So here's the scoop on oil. It is a finite commodity; it is non-renewable; and there is an opportunity cost associated with being exclusively dependent upon it.
While oil is theoretically finite, I doubt that we are approaching de facto limits. Our current estimated reserves are greater than the estimated reserves of 1970, after 30 years of ever-increasing pumping. As Sheik Yamani said, "The stone age did not end for want of stones, and the oil age will not end for want of oil." I have even heard scientists claim that certain oil resevoirs are refilling, though I don't know the rights of it.
Also, we are hardly "exclusively dependent" on oil -- coal, hydropower, nuclear, wind and solar energy plants are also in use.
So what better excuse is there to begin our transition away from Mideast oil and concentrate on alternative sources.
So, you're for drilling in ANWAR? -g-
These are all good long range suggestions. But they do not do away with the fact that the Persian Gulf is a strategic interest for the US here and now. Wishing otherwise won't make it so.

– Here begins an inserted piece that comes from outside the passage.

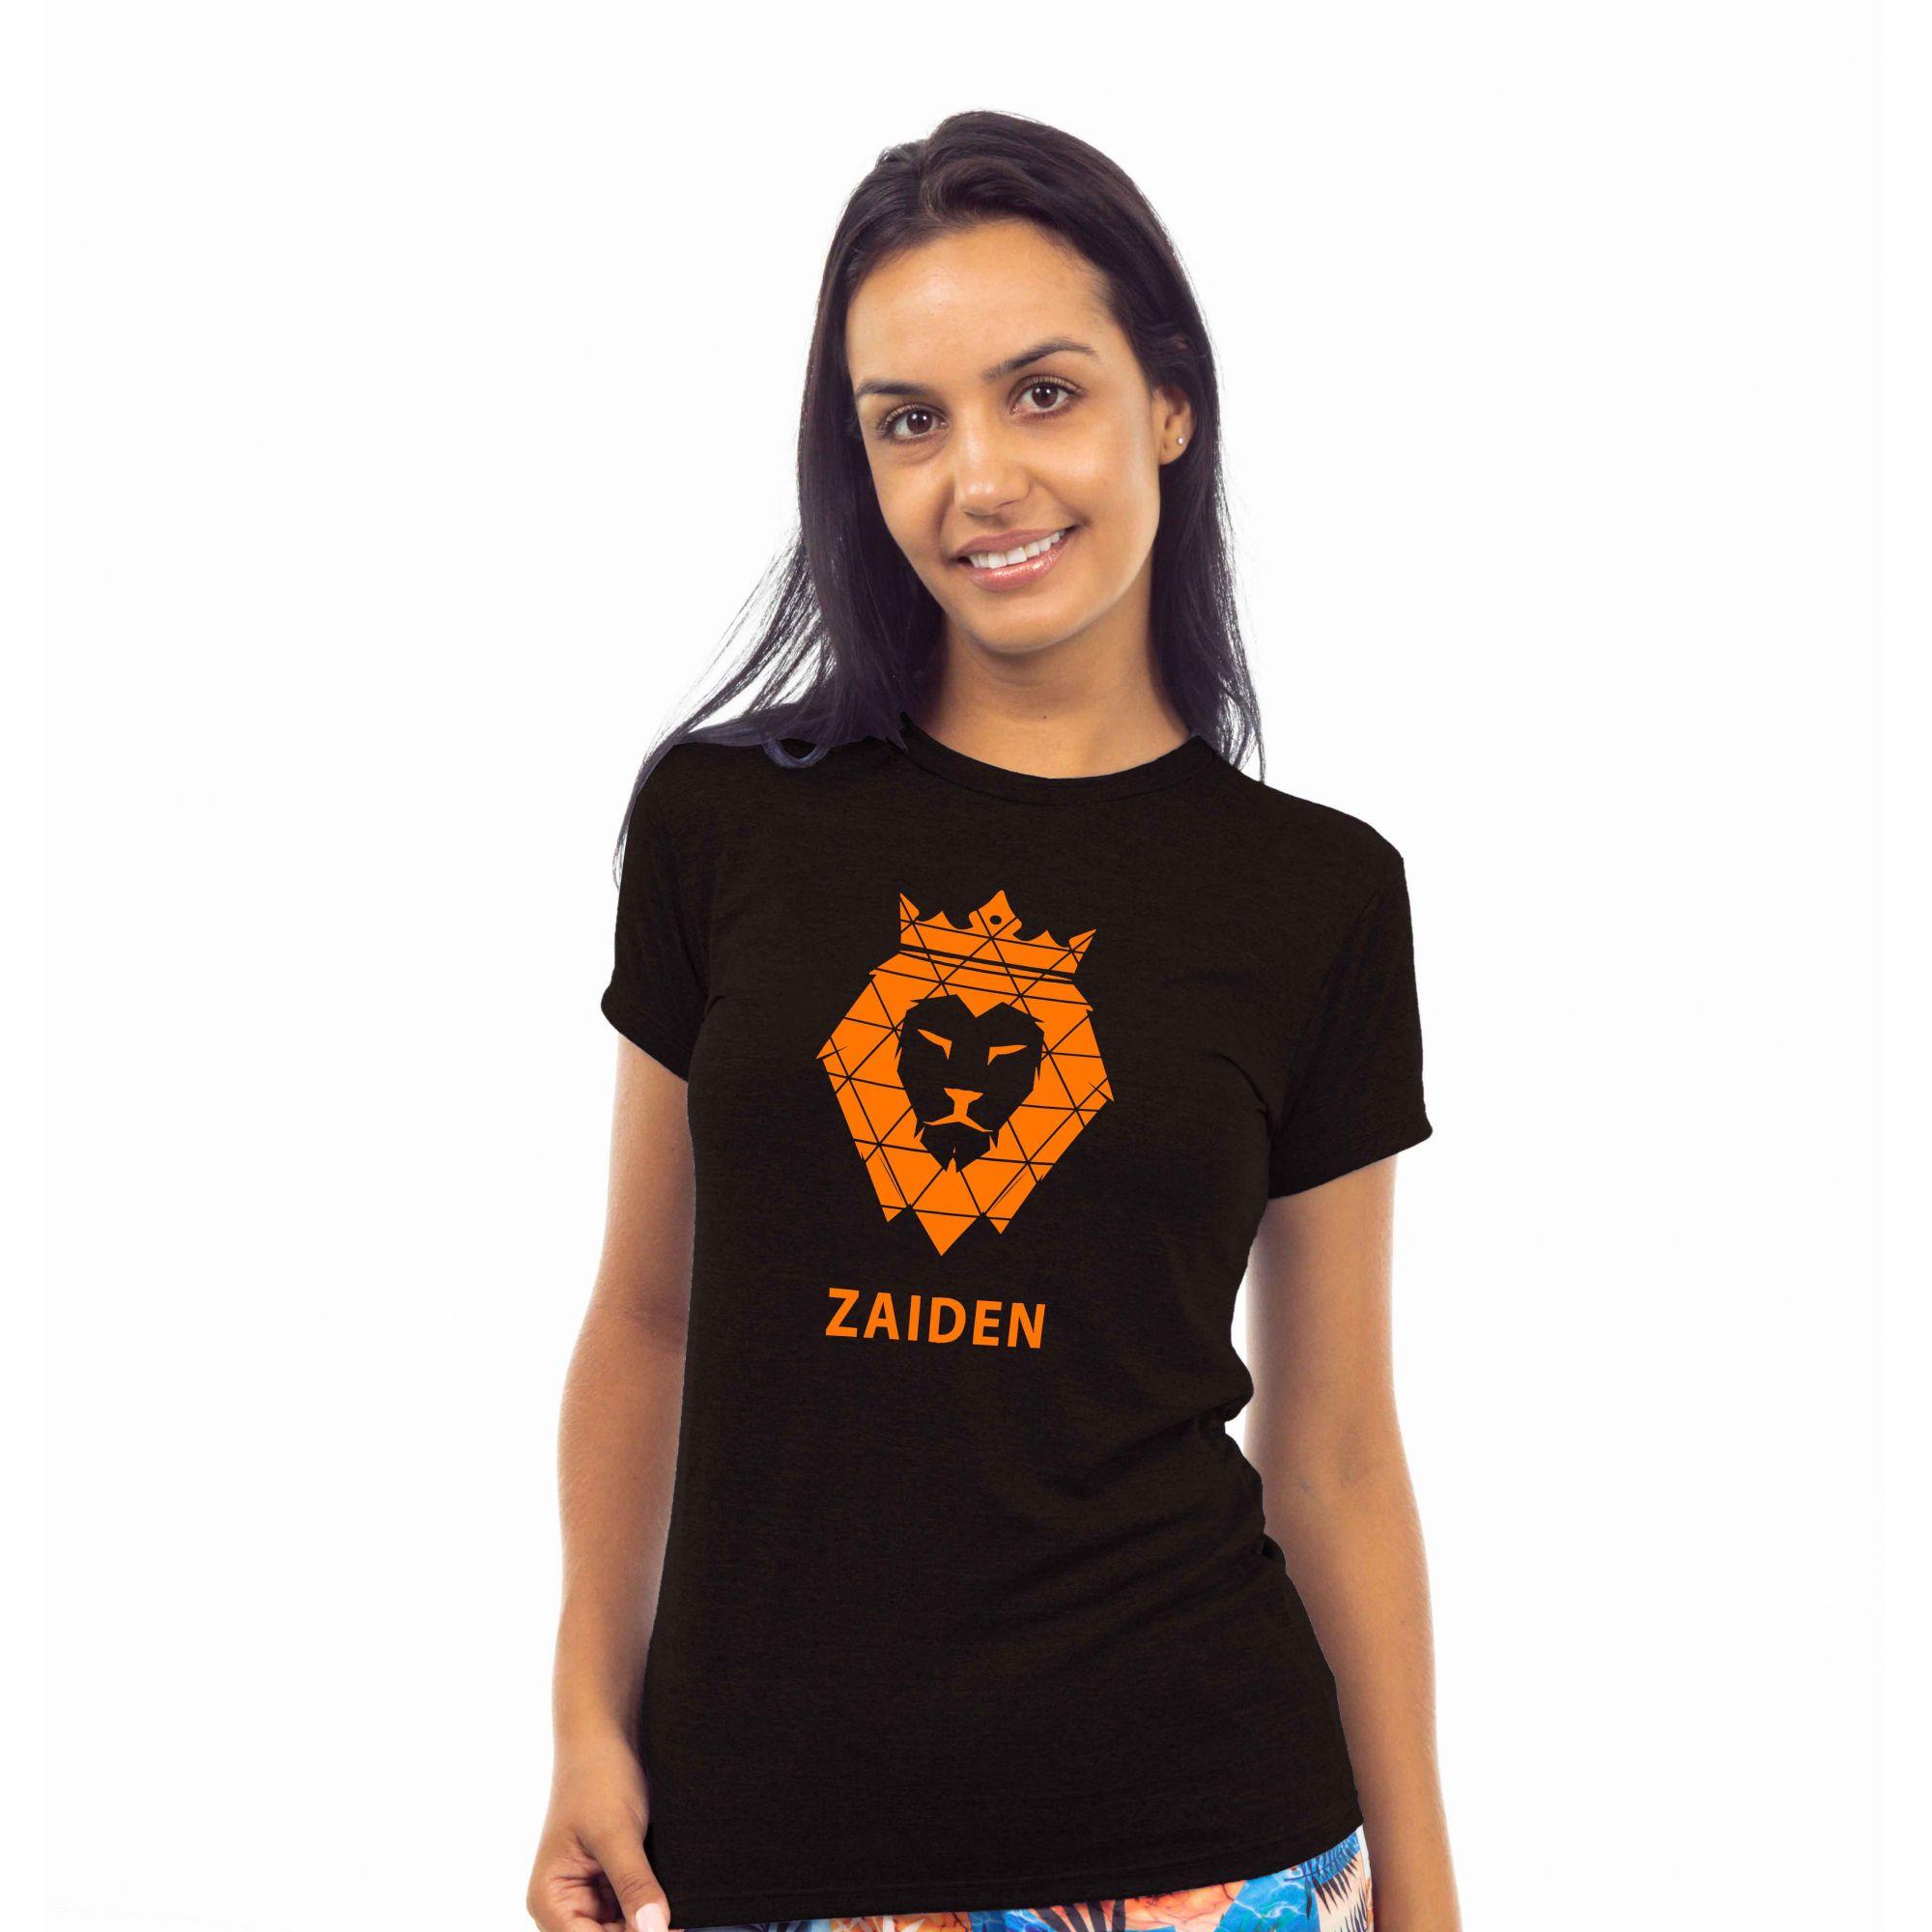 Camiseta Feminina Poliamida ZAIDEN Preta Leão Laranja

But I do find it peculiar that you would believe individuals arguing for deterrence as favoring for a weak America. It is the sort of twisted logic which lead the pro-Israeli lobby to label Jews who criticize Israeli foreign policy as self-hating. It is quite odd.
Because what I think many of these individuals favor is what Fonte calls "transnational progressivism", this generation's form of socialism. Such a vision cannot coexist with an American superpower, or not very well. So they favor whatever will weaken or tie down America.
I come to this conclusion from reading their arguments and deciding that the only real points of cohesion in them are what they are against: Bush, war, American power. They never argue over whether the Islamists or Saddam are a real menace; they just assume that if Bush says they are, it must not be true. So that lets them off the hook of deciding what to do about it.
That's pretty funny. I don't consider myself a liberal. I voted for Bush--a decision I am really beginning to regret. I don't believe holding a policy of deterrence is necessarily a reflection of weakness just as I do not view aggressive confrontation as position of strength. The answer is dependent upon the circumstance.
And I voted for Gore and am making the opposite trip. Nor do I believe that aggressive confrontation is appropriate in all, or even most, cicumstances. I just think it is necessary here, against Saddam (whom nothing else will persuade), and to counteract ten years of projected American timidity and hand-wringing. Volunteering for a position of deterrence -- a position which probably is doomed to fail -- would be a continuation of projecting timidity.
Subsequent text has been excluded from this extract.